In view of this, the objective of the invention is to, propose a kind of Hofmann decoding method and device of optimization, can under the impregnable substantially situation of decoding efficiency, save required memory space greatly.

Described Hofmann decoding method comprises the steps:

All code words in the huffman code table are carried out the Dynamic Packet of elongated degree, and the code word fragment of the elongated degree that obtains according to grouping generates node, and described node is formed elongated degree divide the group Huffman search tree;

Divide the group Huffman search tree that code stream is searched for according to described elongated degree, obtain the cell symbol of code word correspondence.
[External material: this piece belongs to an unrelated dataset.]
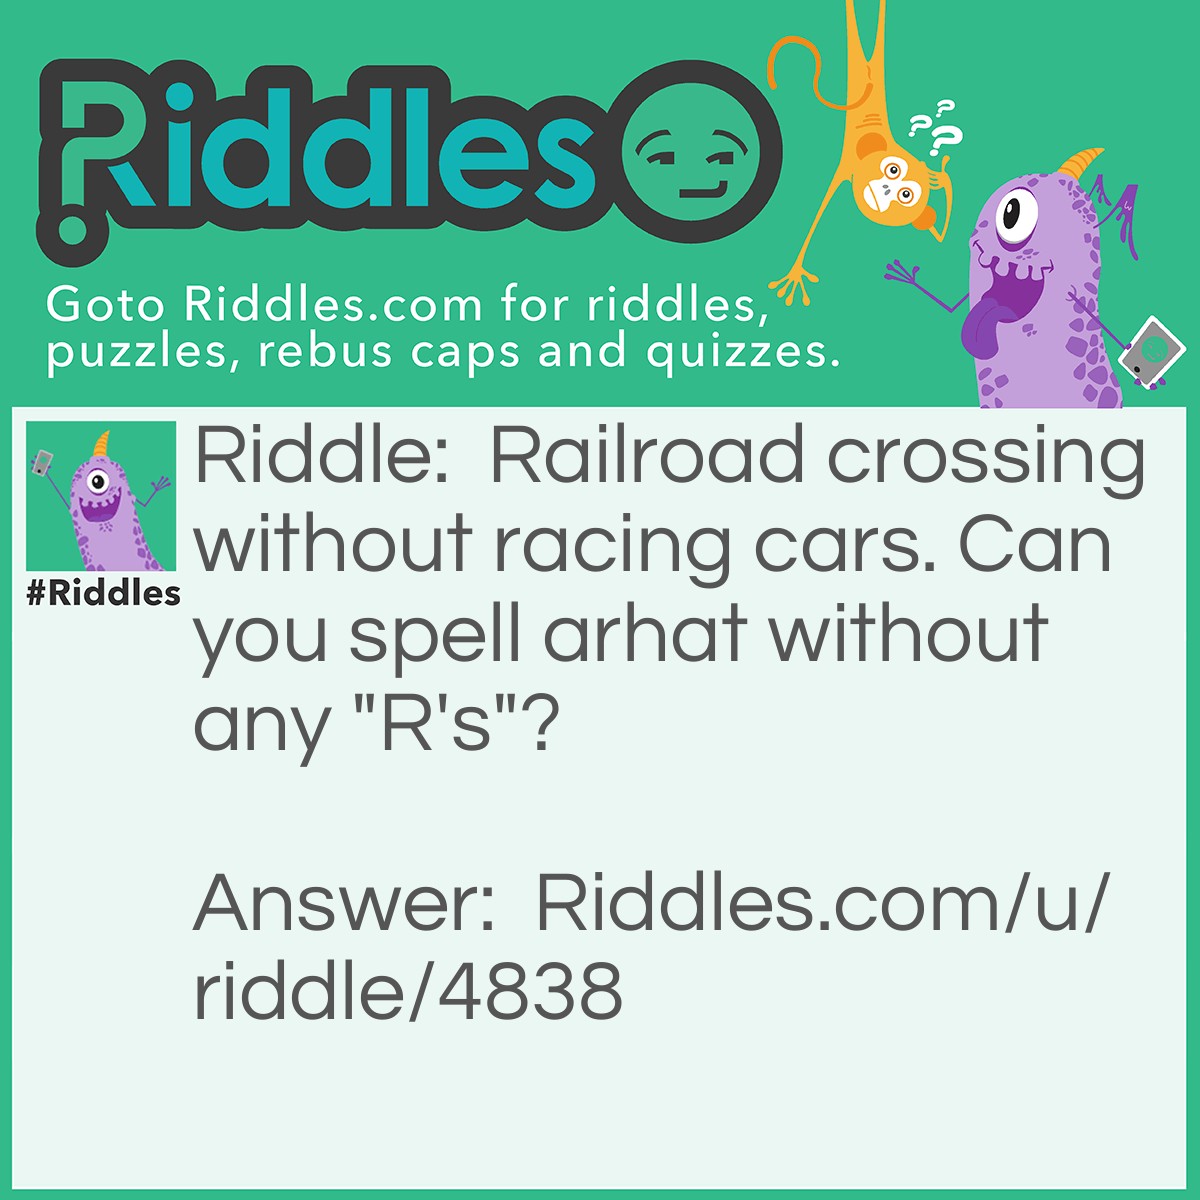 Riddle: Railroad crossing without racing cars. Can you spell arhat without any "R's"? Answer: T-H-A-T.
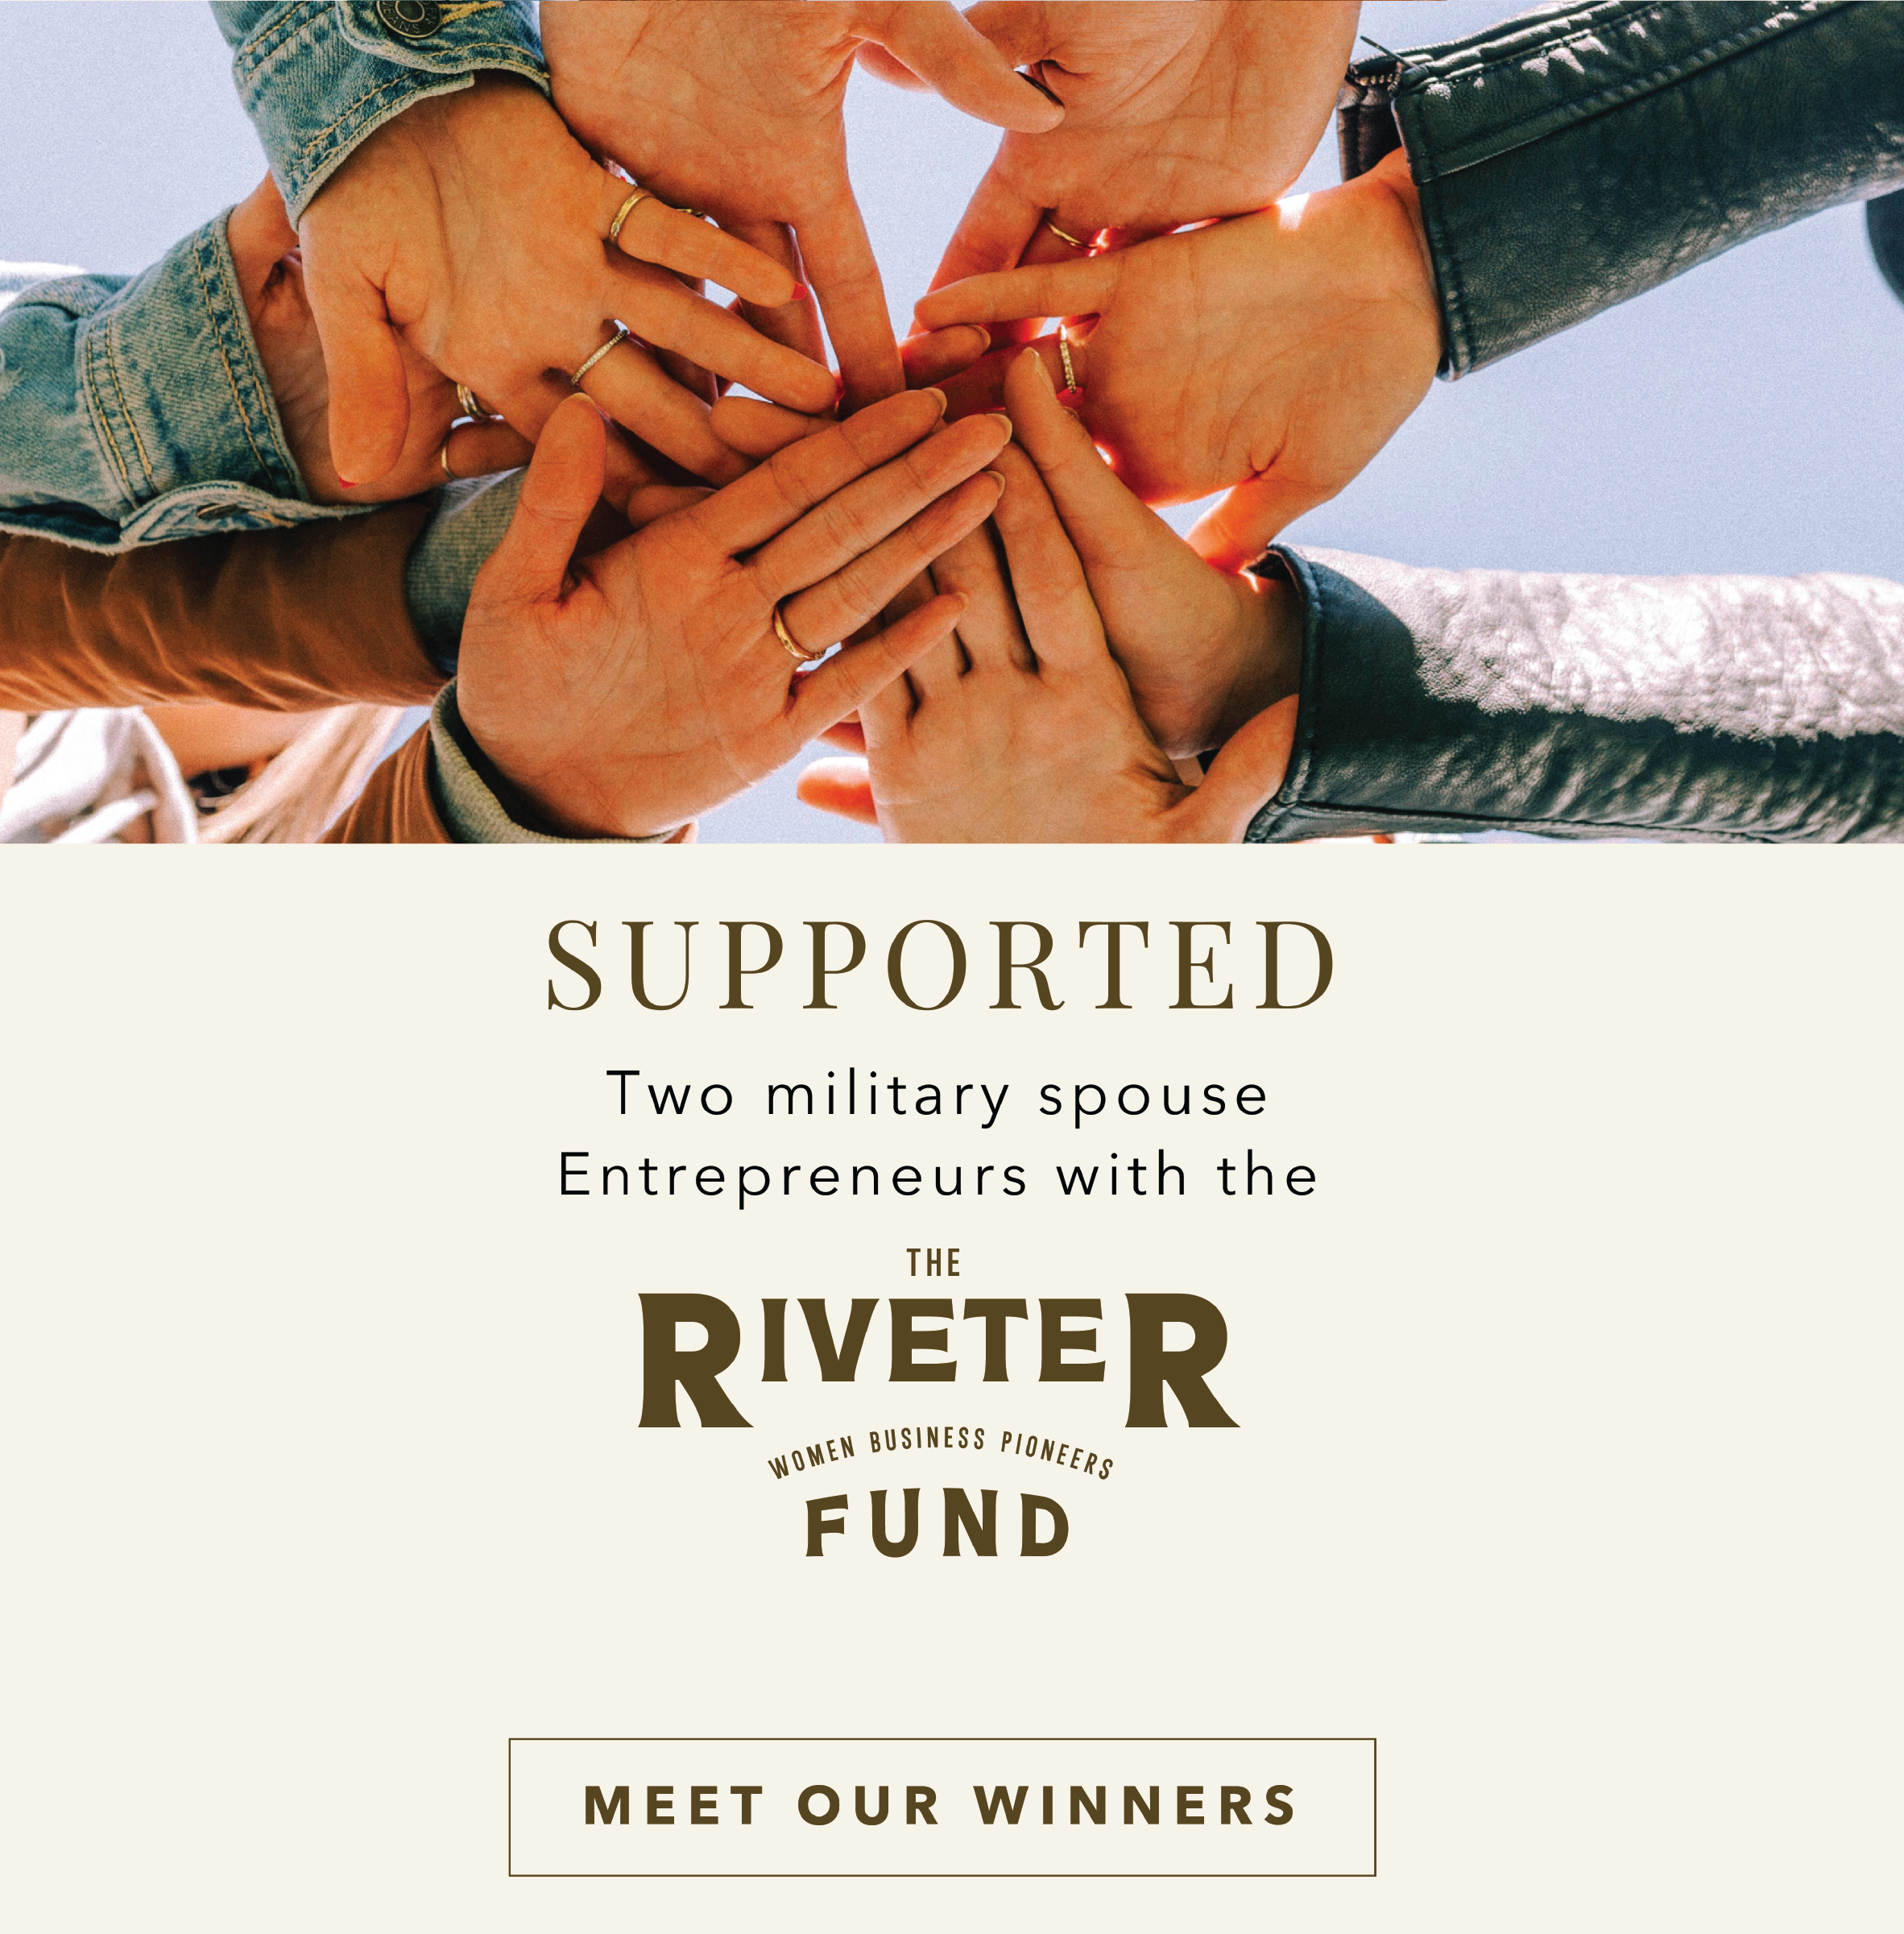 Supported two military spouse entrepreneurs through the Riveter fund

Described Hofmann decoding device comprises code table information searching module, grouping module and search module, wherein,

Described code table information searching module is used to store the relevant information that elongated degree divides the group Huffman search tree, and the nodal information that the variation group Huffman of being stored is set is sent to search module and grouping module respectively;

Described grouping module is used to receive the Huffman code stream, according to the next stage node grouping length from search module the Huffman code stream that is received is divided into groups, and obtains the current code word fragment that needs search; Gained code word fragment is sent to search module;

Described search module is used to receive the code word fragment from grouping module, and reception divides the nodal information of group Huffman search tree from the elongated degree of code table information searching module, according to described nodal information described code word fragment is searched for, find and the corresponding node of described code word fragment, and then finally find the cell symbol of complete Huffman code word correspondence.

As can be seen from the above technical solutions, the present invention program carries out the grouping of elongated degree to the Huffman code word, can be with the realization Hofmann decoding of less memory space.

Description of drawings

Fig. 1 is a kind of realization flow figure of huffman coding;

Fig. 2 is the codeword structure schematic diagram of huffman coding;

Fig. 3 is the node structure storage schematic diagram of the embodiment of the invention;

The flow chart that Fig. 4 divides the group Huffman search tree that code stream is decoded for the embodiment of the invention according to elongated degree;

Fig. 5 divides the example of group Huffman search tree for a kind of elongated degree;

Fig. 6 advances to set example for corresponding with Fig. 5 two;

Fig. 7 is an embodiment of the invention device schematic diagram.

Embodiment

For making the purpose, technical solutions and advantages of the present invention clearer, the present invention is further elaborated below in conjunction with accompanying drawing.

The embodiment of the invention is carried out the grouping of variable-length to all code words in the huffman code table, and the variable length code word slice section that obtains according to grouping generates node, and described node is formed elongated degree divide the group Huffman search tree; Then, divide the group Huffman search tree that the code stream that huffman coding forms is searched for according to described elongated degree.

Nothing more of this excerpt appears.